The obvious reason why these feel wrong to me is the placement of `if`:
```
(
(a,b)lt,
a,
b
)if = out
```
The tuple which is being passed to `if` here is confusing unless you already
know that it's going to be passed to `if`. But on your first readthrough you
won't know that till you get to the end, so you'll be in the dark until then.
For more complex programs I'm sure this problem will compound.
On the other hand, pretty much everything else looks _better_, imo. For example:
```
// copied and slightly modified from the original to make it even more complex
(mapped-seq, ((orig-seq)i)op)append = next-mapped-seq
```
Something like this reads very clearly to me, and requires a lot less mental
backtracking to comprehend. The main difficulty I have is tracking the
parenthesis, but the overall "flow" of data and the order of events is plain to
read.
## Next Steps
The syntax here is not done yet, not by a long shot. If my record with past
posts about ginger (wherein I've "decided" on something and then completely
backtracked in later posts every single time) is any indication then this syntax
won't even look remotely familiar in a very short while. But it's a great
starting point, I think, and raises a lot of good questions.

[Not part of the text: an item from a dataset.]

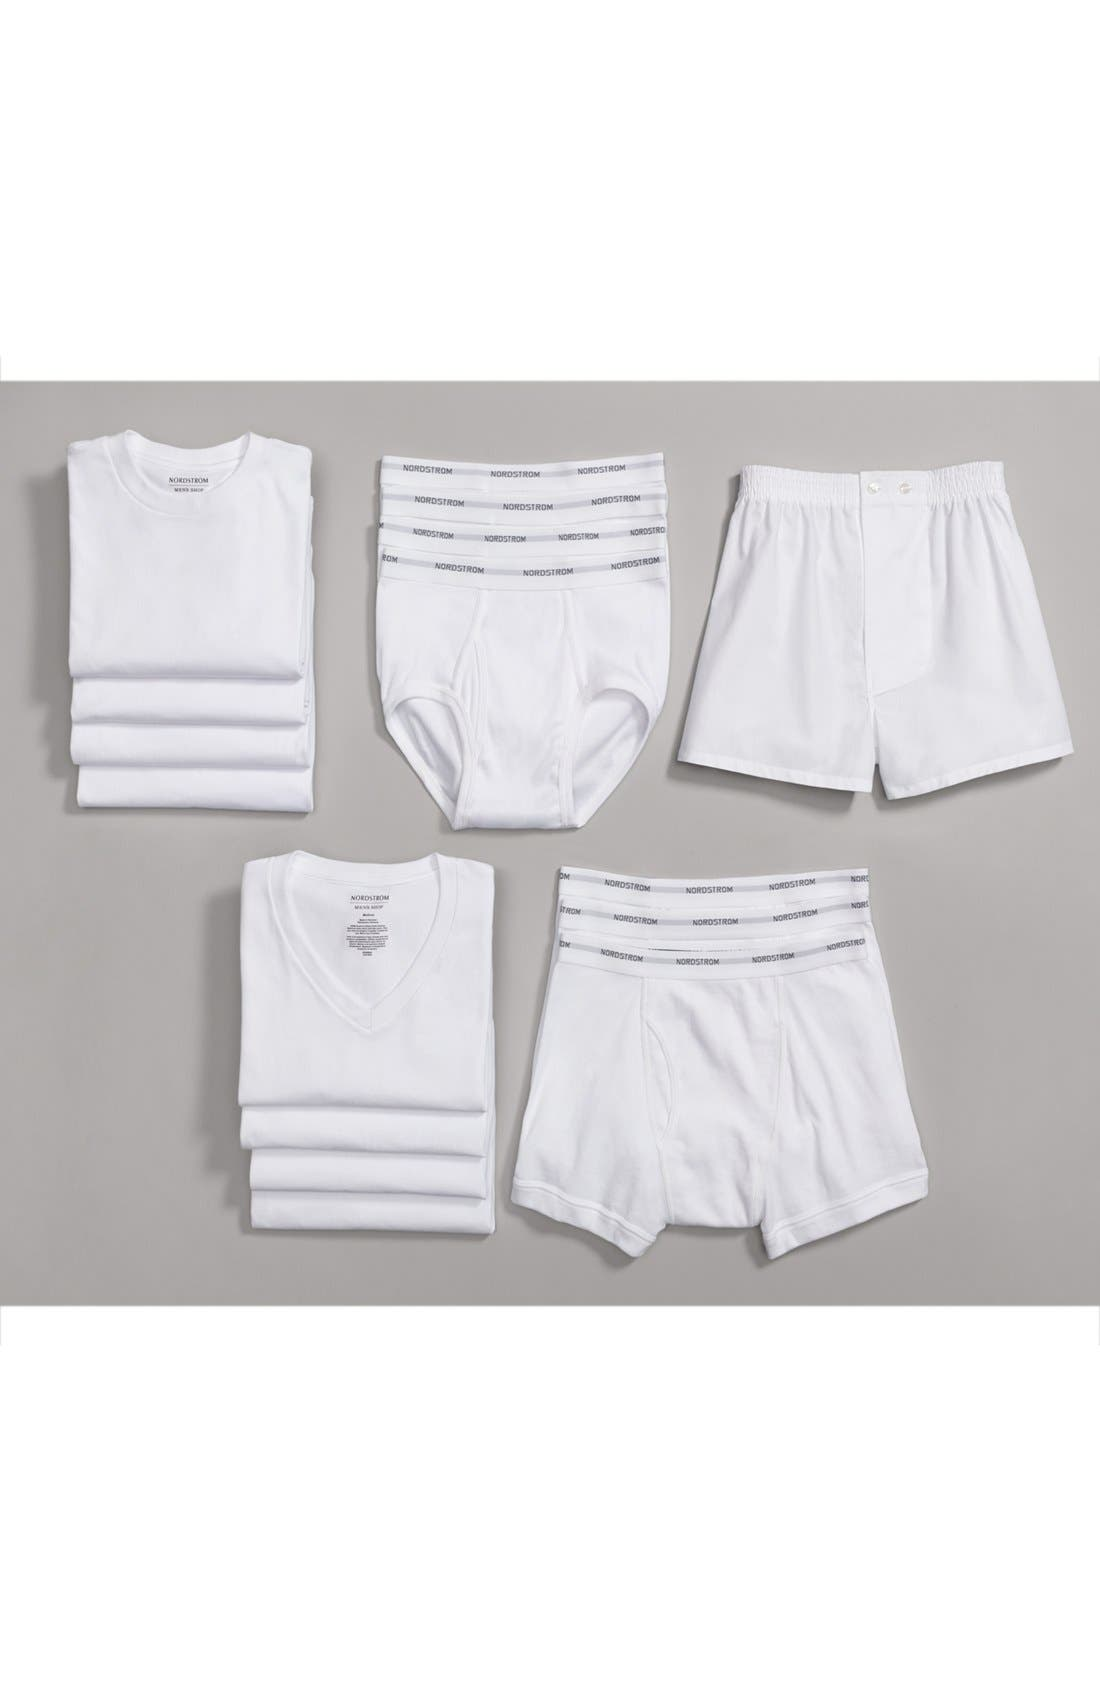 NORDSTROM MEN'S SHOP, 4-Pack Regular Fit Supima<sup>®</sup> Cotton V-Neck T-Shirts, Alternate thumbnail 9, color, WHITE
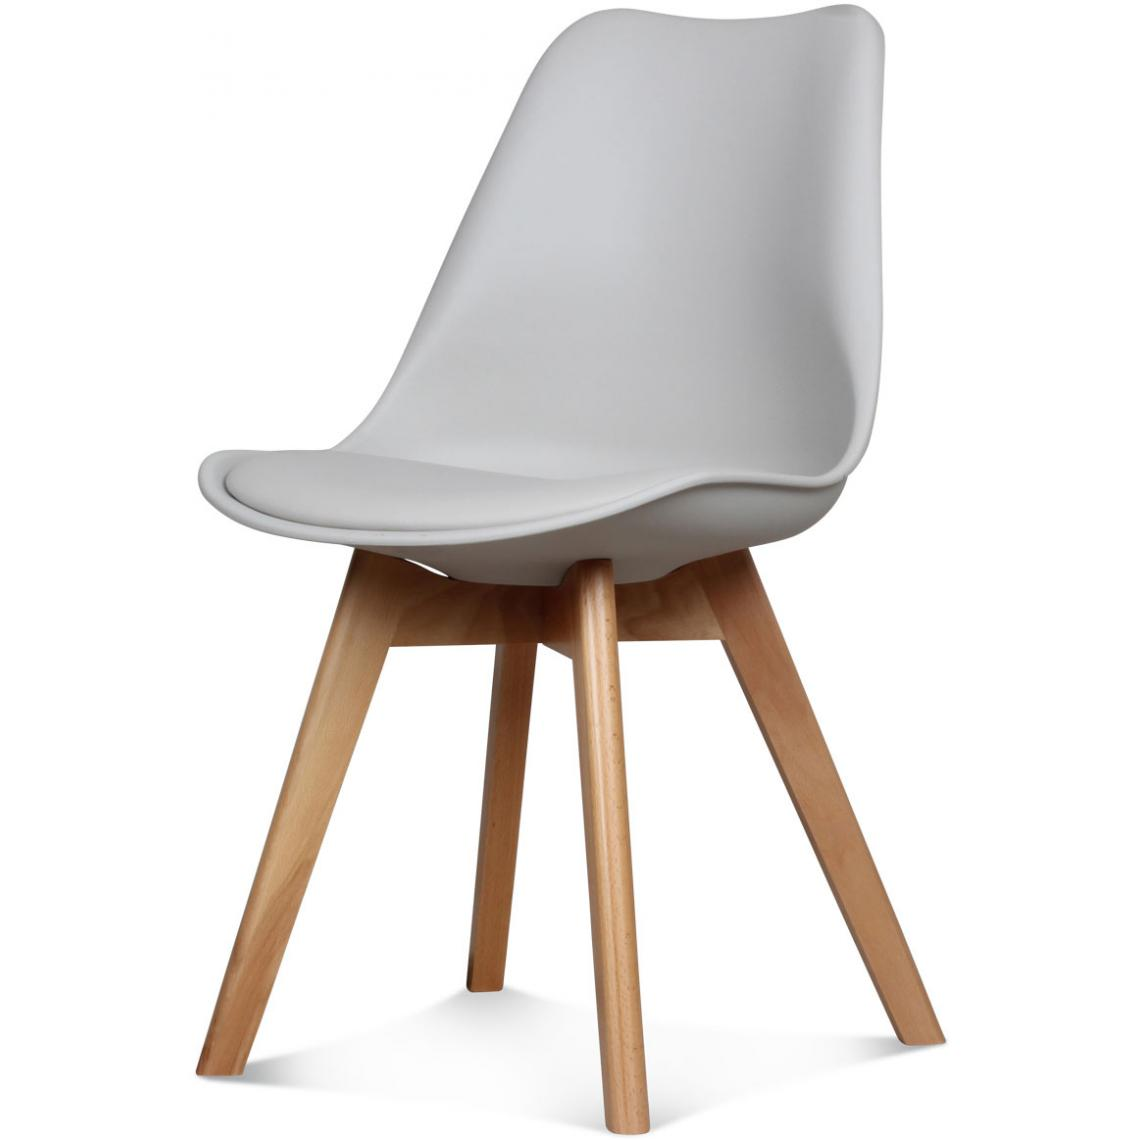 chaise design style scandinave taupe esben 3suisses. Black Bedroom Furniture Sets. Home Design Ideas

* Can I make parenthesis chains, a la the last example, more palatable in some
way?
* Should I go with the "backwards" syntax afterall? In a functional style of
programming `if` statements _should_ be in the minority, and so the syntax
which better represents the flow of data in that style might be the way.
* Destructuring of tuples seems to be wanted, as evidenced by all the `a =
0(in)` lines. Should this be reflected in the structure or solely be
syntactical sugar?
* Should the commas be replaced with any whitespace (and make commas count as
whitespace, as clojure has done)? If this is possible then I think they should
be, but I won't know for sure until I begin implementing the parser.
And, surely, many more! I've felt a bit lost with ginger for a _long_ time, but
seeing a real, usable syntax emerge has really invigorated me, and I'll be
tackling it again in earnest soon (fingers crossed).